Writing Towards Disappearance
Chatter is the title of a new video by Eugenia Raskopoulos. Black, white and grey passages of light flicker on an unspecified surface over a period of ten minutes. Chatter is, ironically, silent. Yet it resounds with a pulsating rhythm that does not allow the eye to rest. It then tapers to a slow, languid conclusion. Chatter is an abstract field of sensations that features luminosity as the very substance of the photographic and moving image. All is fluid. The video defies narrative sequence, and it resists classical forms of identification. There are shadows, but we do not see the bodies of objects from which they derive their source. The shadows flicker, they come and go in a constant state of dissolution. They are also a kind of ready-made, in the Duchampian sense – a found sensation. Amorphous and dematerialised, Chatter operates something like our sub-conscious – ambient and persistent. These fleeting impressions are always open to multiple interpretations because there is no referent, no focus. They carry within their dance an invitation. The viewer is given the freedom to allow his or her thoughts to wander.
There is another abstract ‘field’ in this exhibition Writing Towards Disappearance, in the form of a square of yellow chrysanthemums. In the video Stutter, we hear this bunch of golden blooms being cut, and we see the small sliced petals fall onto the cement floor at the base of the artist’s feet. After the last flower has descended, the feet draw the petals together into a square. The artist then stands on this bed, rotates, and exits the video. The act of cutting up a living flower contains a subliminal violence: why hasten the death of a beauty when it is in its prime? This artistic gesture bespeaks the senselessness of violence. As a counterpoint, the composition of the petal square on the floor takes us back to the abstract field. Recalling Wolfgang Laib’s pollen floor works, this small square hints of a sublime past. The soles of the feet rotate in a clockwise direction on this mat, as if to soak up life. At the same time, the gesture also recalls the liberating force of pressing grapes. However, the connection between the body, and this abject composition is momentary. The video concludes with the artist’s exit from the space.
To stutter is to speak haltingly or to repeat a word. For the person who listens to a stutter in another person’s voice there is also the opportunity to hear the cut in a sentence. Chatter and Stutter share a preoccupation with the nature of language, and with notions of temporality. However, if Chatter is our sub-conscious, Stutter invites us into the conscious world of cuts, violence, soul and death.
Raskopoulos’ interest in language is also evident in the sequence of archival prints on paper, diglossia # 1-8. Each of these images carries within it a letter from the Greek alphabet. There is a word in there somewhere, but the order has been disrupted. Like the chrysanthemums, this word, or name, has been cut, and its pieces are now before us as fragments that refuse to re-collect themselves into meaning.

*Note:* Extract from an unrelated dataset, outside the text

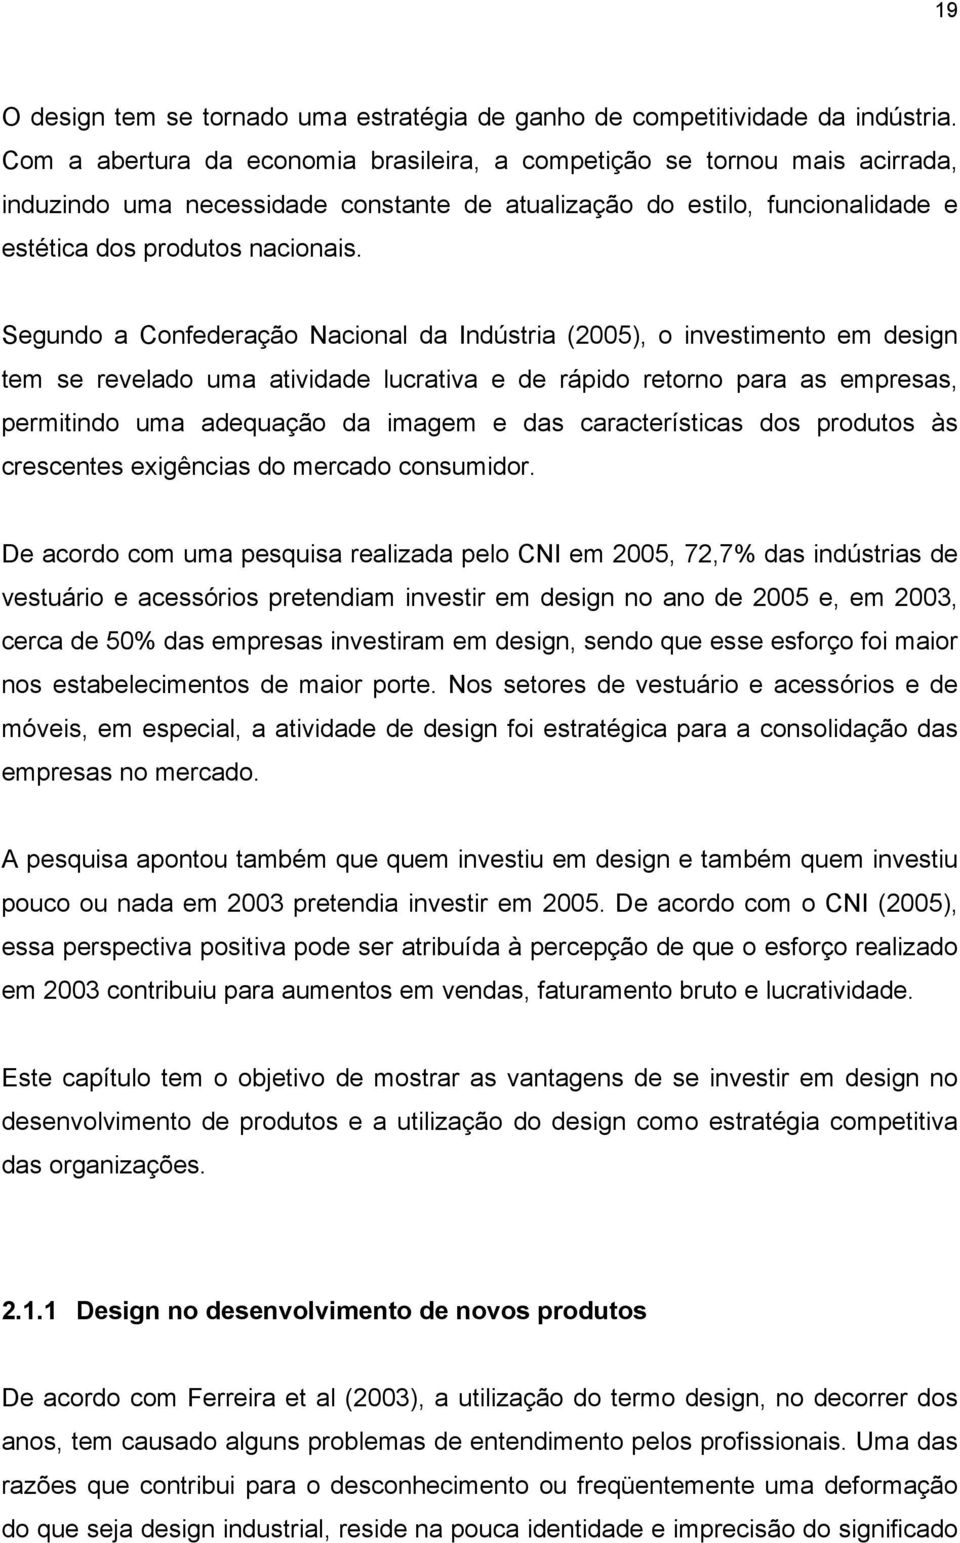 Segundo a Confederação Nacional da Indústria (2005), o investimento em design tem se revelado uma atividade lucrativa e de rápido retorno para as empresas, permitindo uma adequação da imagem e das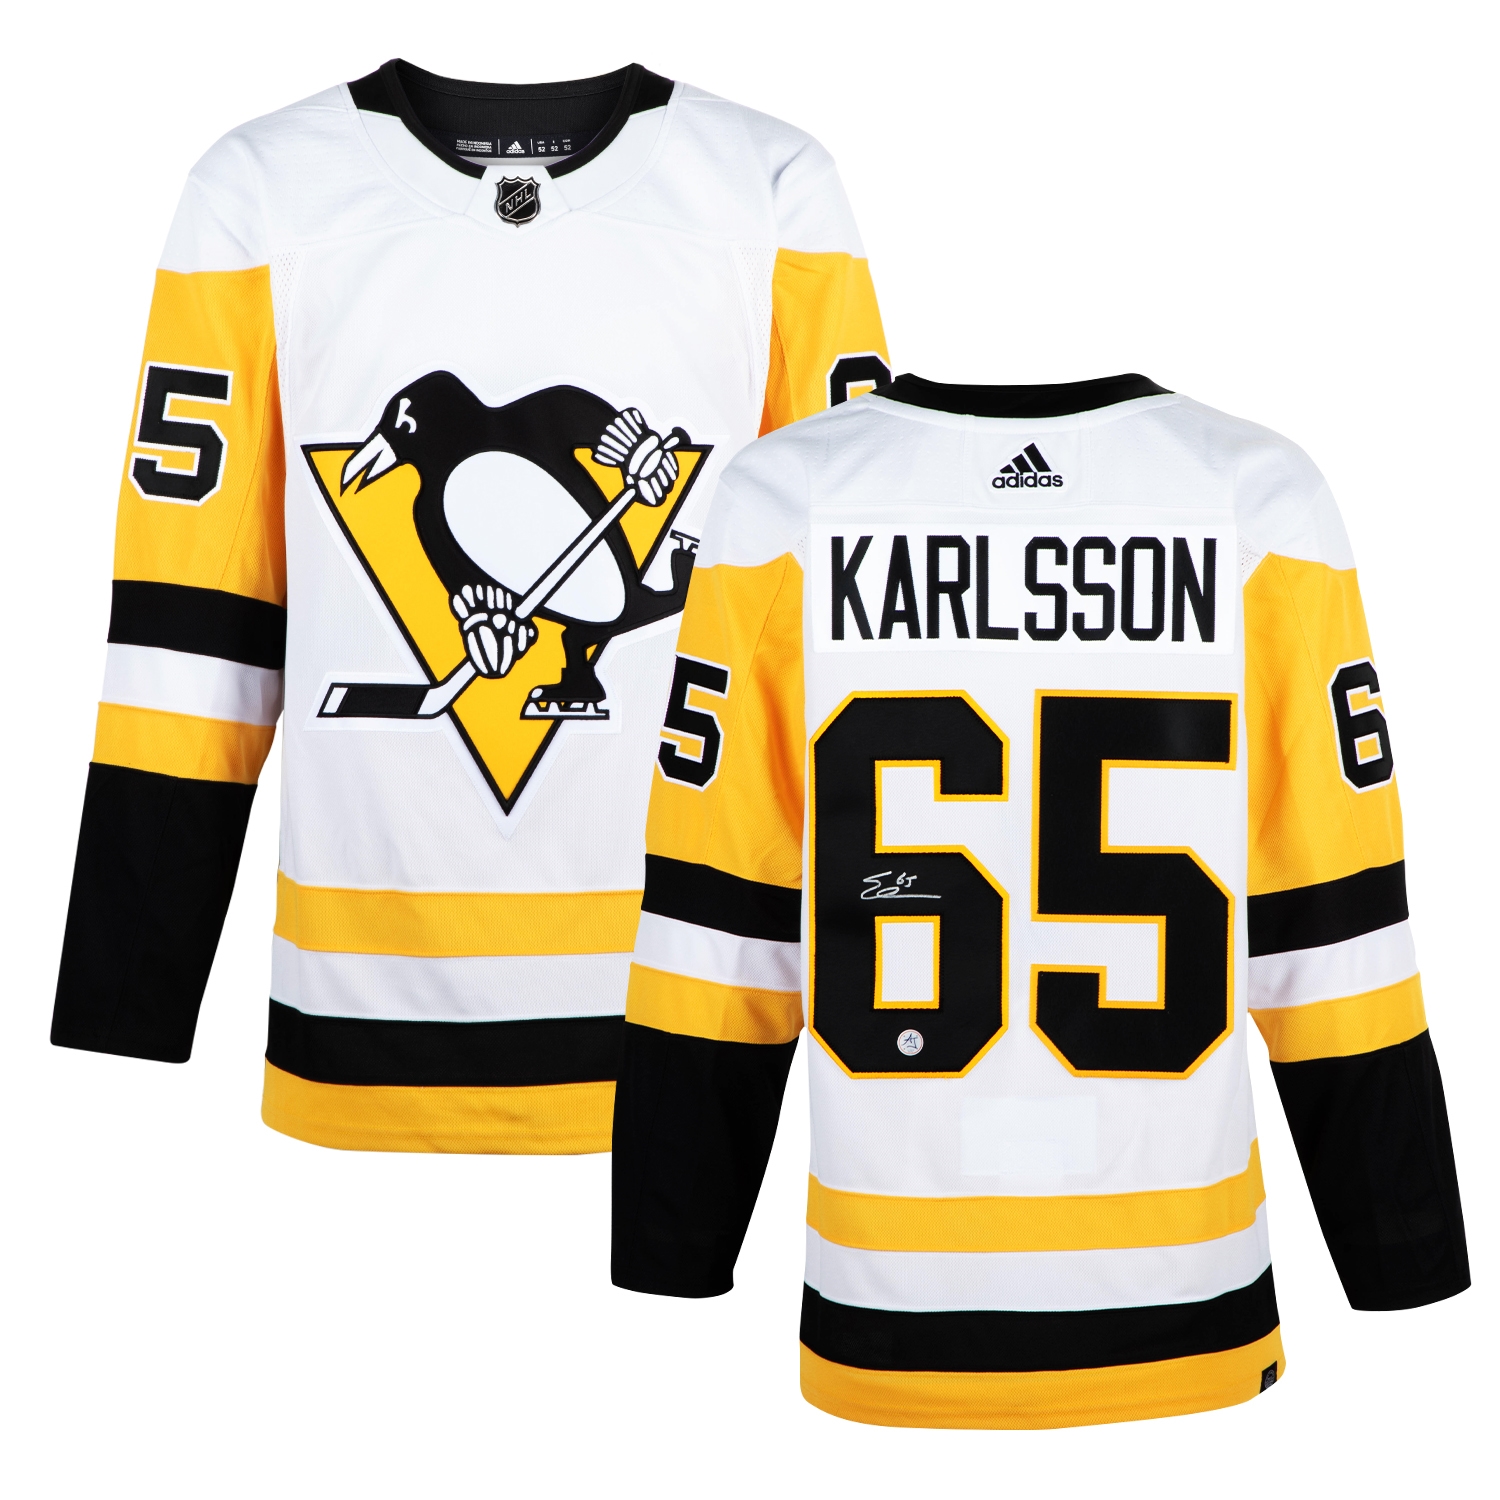 Erik Karlsson Signed Pittsburgh Penguins White adidas Jersey

As such, the relationship between the letters also becomes temporal, fluid, and heterogeneous opening up the question of translation between one language to another, and one culture to another.
The images have been created using the gesture of a hand writing on a steamed up mirror. The photograph is taken very quickly, before the image, the letter and the mark of the artist disappears. We have to ask, what is disappearing here? Is it the language, the name, the aura of the photograph (in the Benjaminian sense) or indeed the body? For behind each letter we can detect a human presence – the artists’ naked body as she makes the photograph. The apparatus of photography is revealed, undressed and made naked.
Moreover, there are several intersecting planes: the mirror, the letter that has been drawn into the steam, and the image within the mirror. Our eye moves between all three, trying to focus, in a manner akin to the play of light in Chatter. Like the search for the figure in Michelangelo Antonioni’s film Blowup, 1966, this is a game of appearance and disappearance. What is reflection, what is surface? What is real, what is imagined? In diglossia # 1-8, photography and painting meet. They are brought into dialogue, the elements interact but do not find a unison. On Raskopoulos’ studio wall, there is a reproduction of Gerhard Richter’s alluring painting, Ema (Nude on a Staircase), made in the same year as Blowup. Ema is depicted naked, descending a staircase (in homage to Duchamp), and out of focus, as if photographed. Behind the painterly gesture is the photographer. Raskopoulos meets our gaze at the surface of the mirror, as if to taunt us, literally, to reflect on the nature of language itself.
Diglossia has been defined as a form of bilingualism where different languages are used by an individual in different aspects of their social context. These images, like the sound of a stutter, are composed from the cuts in language and the shifting spatial contexts in which we both reflect upon and represent ourselves.